A foundation for knowledge discovery is established by organizing the local data
sources into ontologies. The interrelation of the local sources through the ontologies
facilitates the discovery of previously unknown connections between these sources. The
relation of the sources through ontologies with external data furthermore enables the
discovery of connections between the local data and external contextual knowledge
about the subjects in the sources.
The thesis of the project is that using ontology-based methods in representing core
concepts and their mutual relations in an ontology-structured knowledge base on top of
a primary database of scientific texts will bring about a much-improved functionality in
the areas of search results, automatic indexing and classification, as well as taskoriented
viewing of and navigating in collections of documents.
The project derives its direct relevance to business concerns from providing
solutions to concrete questions such as the following:
• How to semi-automatically collect and structure the domain knowledge relevant
to a collection of texts by using descriptions of central concepts, terminology,
taxonomies, and existing knowledge resources in the field?

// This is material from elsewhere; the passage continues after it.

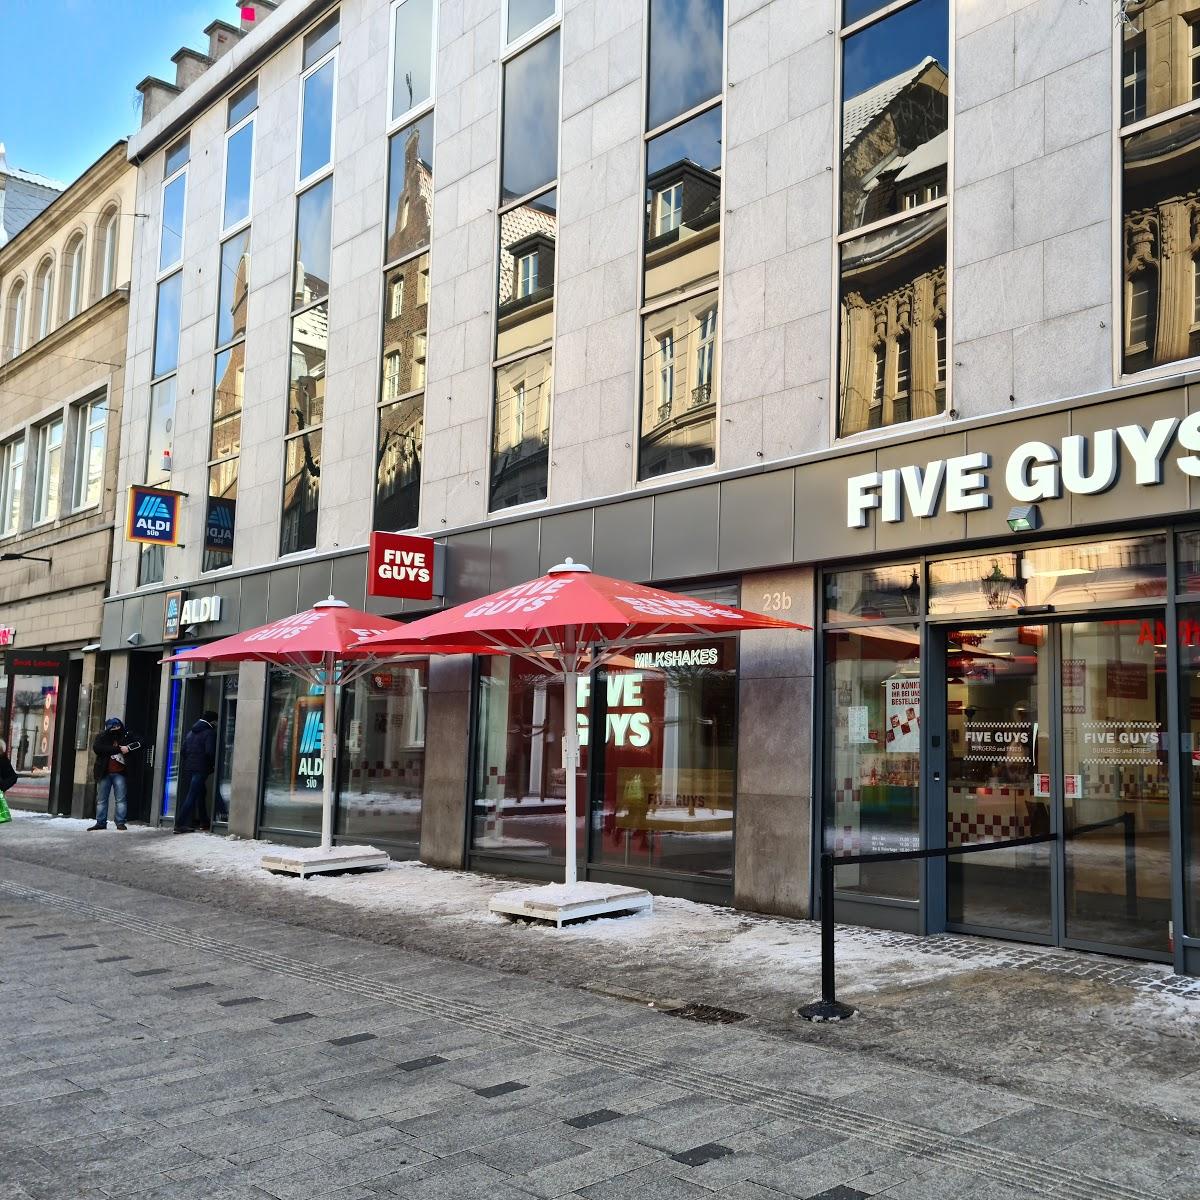 Restaurant "Five Guys" in Düsseldorf

• How to optimally represent domain knowledge in a formal system which, on the
one hand, enables consistency checks and inference of new knowledge, and on
the other, ensures a transparent and easily accessible systematization providing
new perspectives on the knowledge domain of the texts?
• How to describe and index scientific texts once relevant domain knowledge has
been established and systematized?
• How to group and classify scientific texts on the basis of properties expressed in
the formal descriptions of these texts?
• How to simplify and improve search and navigation in texts by taking into
account the full amount of domain knowledge and the descriptions based on that
knowledge?
• What possibilities wrt. visualizing a scientific “knowledge landscape” are
created by the combination of a domain-specific ontology with a text database
indexed with reference to that ontology?
The primary research problems which have to be addressed in order to provide
principled solutions to the above questions, include in particular:
• How to represent conceptual knowledge extracted from arbitrary collections of
scientific texts?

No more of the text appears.